Making solar work post-sunset is vital

Published April 30, 2026 Updated April 30, 2026 08:49am

RECENT peak-hour load shedding has often been framed as am indication of electricity shortage. That diagnosis is too narrow. The system is constrained less by installed capacity than by limitations in resource adequacy, flexibility and deliverability, compromising the ability to reliably meet demand when and where it arises under prevailing fuel and network limitations.

In the immediate term, the pressure has been shaped by fuel supply uncertainties and LNG disruptions amid geopolitical tensions. As a result, RLNG-based generation has operated below potential, while hydropower output has fluctuated with seasonal and operational conditions. During peak stress periods, reliance on high-cost furnace oil further limits economic dispatch, and raises marginal generation costs, reflecting fuel avail-ability issues and cost-driven limitations.
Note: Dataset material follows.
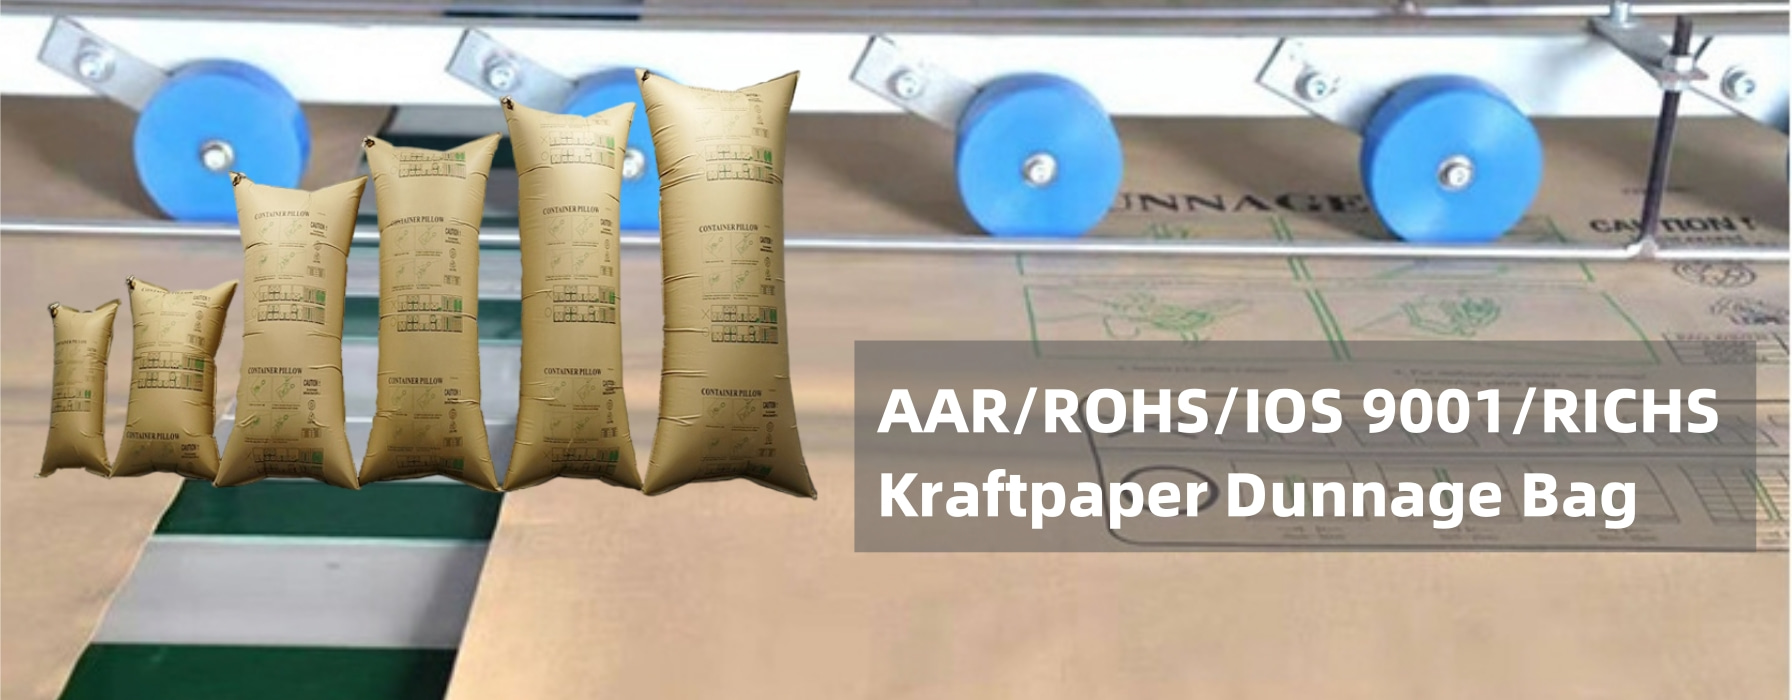 kraft paper dunnage bags

The outcome is not a uniform capacity deficit, but a pronounced evening shortfall driven by system constraints during peak hours, typically between 5pm and 1am.

During the day, distributed solar power is helping reduce grid demand and easing system pressure. But this relief is only partial, as the challenge reappears right after sunset, when electricity demand goes higher. The growing issue is, therefore, no longer simply whether capacity exists, but whether or not the system can match supply with demand across the 24-hour cycle.

Even as solar becomes more available during daylight hours, evening peaks still fall on a grid that must rely on conventional generation to remain stable. Hydropower and RLNG-based plants continue to play this balancing role, but both are burdened by fuel dependence, hydrological uncertainty and operational limits, which makes the evening ramp increasingly difficult to manage.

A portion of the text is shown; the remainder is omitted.